De Occulta Philosophia * Henry Cornelius Agrippa * 1533
I had read quite a lot about this book and its writer and I have paged through this translation more than once, but it wasn’t until recently that I finally got a copy. To review!
H.C. Agrippa from Nettesheim can be regarded as the summum of the Renaissance occult tradition. Like most of his colleagues he saw himself as a good Christian being involved in good magic. This last he pushed to the limits which is the reason why he had such a bad name. Like many of his predecessors Agrippa combined the Christian Cabala of Giovani Pico (from Mirandola) and especially that of his master Johann Reuchlin with the angelic magic of Trithemius and the hermetic tradition that followed after Marsilio Ficino’s translations of the major hermetic scriptures.
Also in Agrippa’s vision creation can be divided in three worlds and this division is reflected in the three parts that the english title refers to. First there is the elemental world and the first book is about the natural magic in the Ficino-tradition. It involves the cooperation with natural forces to reach a certain goal by using talismans and musical incantations. This is in contradiction to the more “strong” magic concerning the using of these forces. The second world is the celestial world and the second book is about celestial magic. Here you can think of mathematics, music, optics, astromony, numerology and the summoning of angels. The last world is the supercelestial or intellectual world and the third book deals with ceremonial magic.
Already in 1651 the first and the last translation in English appeared and this translation of Donald Tyson is the first in 350 years. Agrippa himself is said to be quite sloppy at times, but the first English translation was full of mistakes. Tyson took up the work to clear “De Occulta Philosophia” and especially its english translation from mistakes. The backcovers claims to give you the seals and images how they were meant which is already something in itself, but there is much much more!
The book opens with a short intro and a long biography of Agrippa. Then follows the translation of book I with its 74 chapters which are all no longer than three pages. The notes of Tyson are often longer. He searched for the sources of the quotes and references and tried to explain obscure sentences.
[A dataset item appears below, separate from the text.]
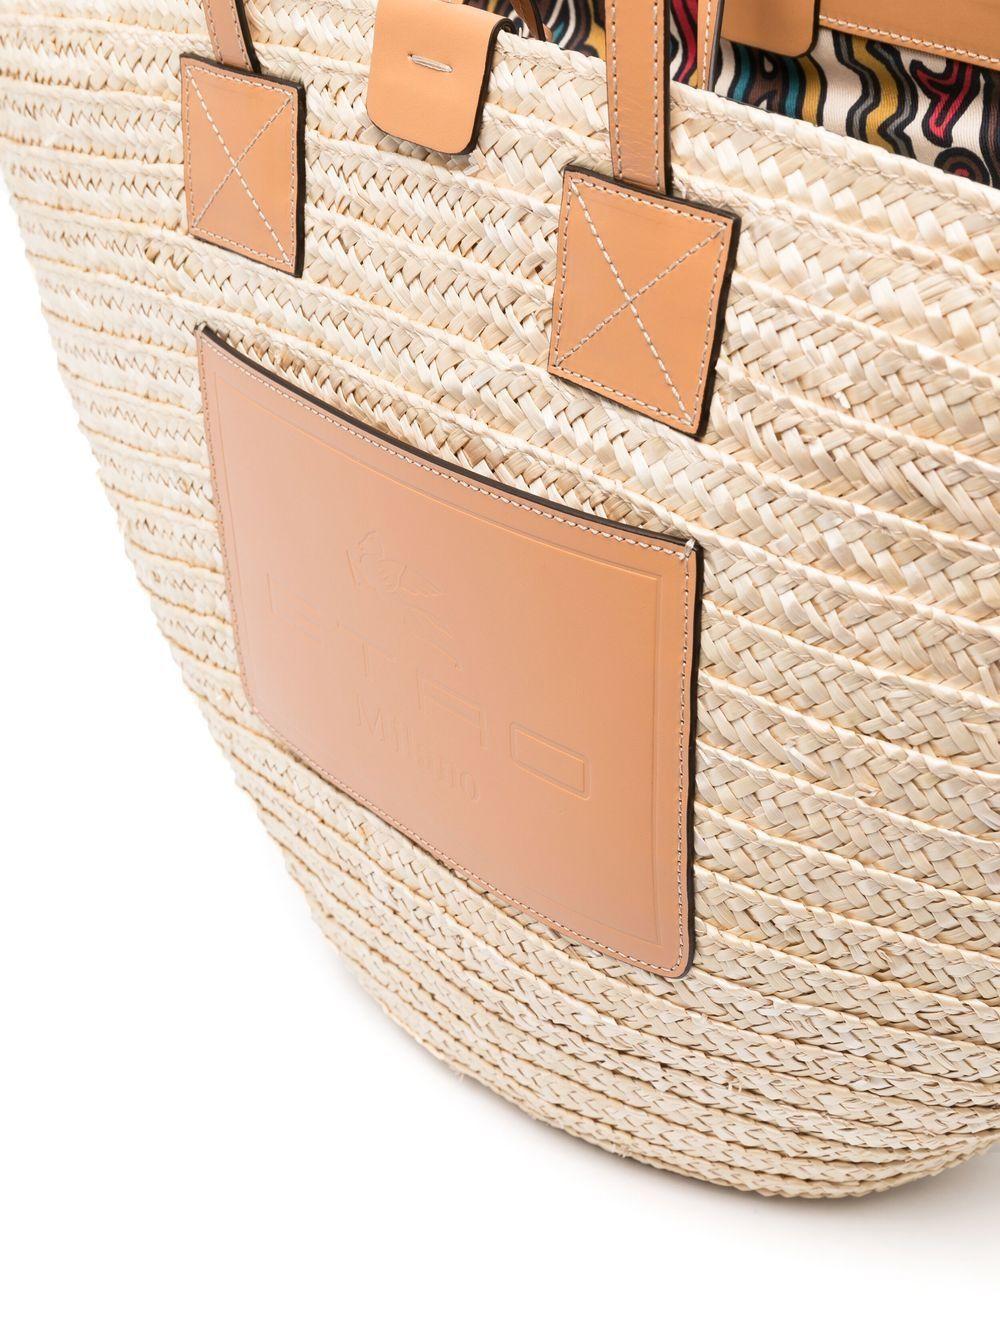 Etro Tote Bag In Woven Straw
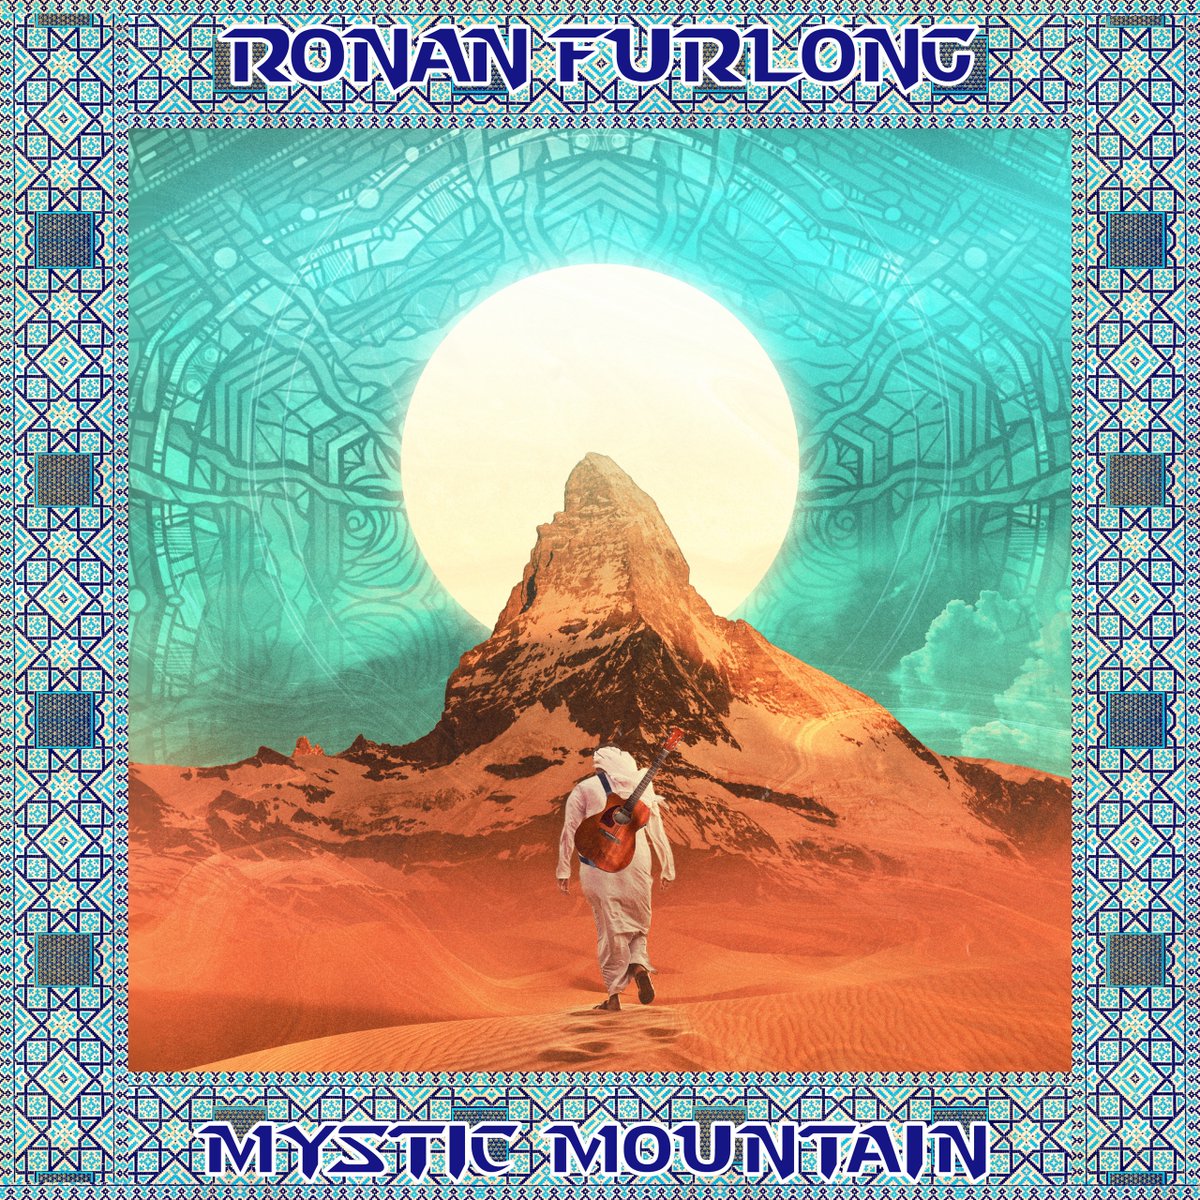 #ForSale @rfurlongmusic music available on amazon amzn.to/3u8esd1, Apple Music apple.co/3lTfo0G, and Spotify spoti.fi/3b0H5Rx. New single ‘Mystic Mountain’ released on 2nd April! #Music #promotion

Book II has 60 chapters also of modest length, but this book contains a lot of images. Strangely enough there are a lot of images of people who lived after Agrippa, especially Robert Fludd and keeping a few discriptions of Agrippa’s work in mind, I get the idea that some of the original drawings of Agrippa are left out or replaced!
Book III has 65 chapters which are almost all very short, but here and there 3 or 4 pages.
Three letters of Agrippa are followed by chapters 41 to 48 of another work of Agrippa called “De Incertitude et Vanitate Scientiarum” or “about the uncertainty and vanity of sciences”. In this book Agrippa writes about magic and the occult in a cynical (but informative) way and was meant to keep the inquisition a bit on a distance.
Then come 8 appendices of Donald Tyson wonderfully explaining subjects such as magic squares, the practical kabbalah or geomancy more fully.
51 Pages with a biographical dictionary, 13 pages with a geographical dictionary, an ordered list with quotes from the Bible and apocryphia and the 63 pages general index!
The translation is well-readable, but as you may expect of a magical book from the Renaissance, this is no easy-reading book. Sometimes Agrippa speaks of a subject at length, often pretty short. This book is and remains a studybook, but is also a wonderfull reference-work which gives this book a right for existence until today.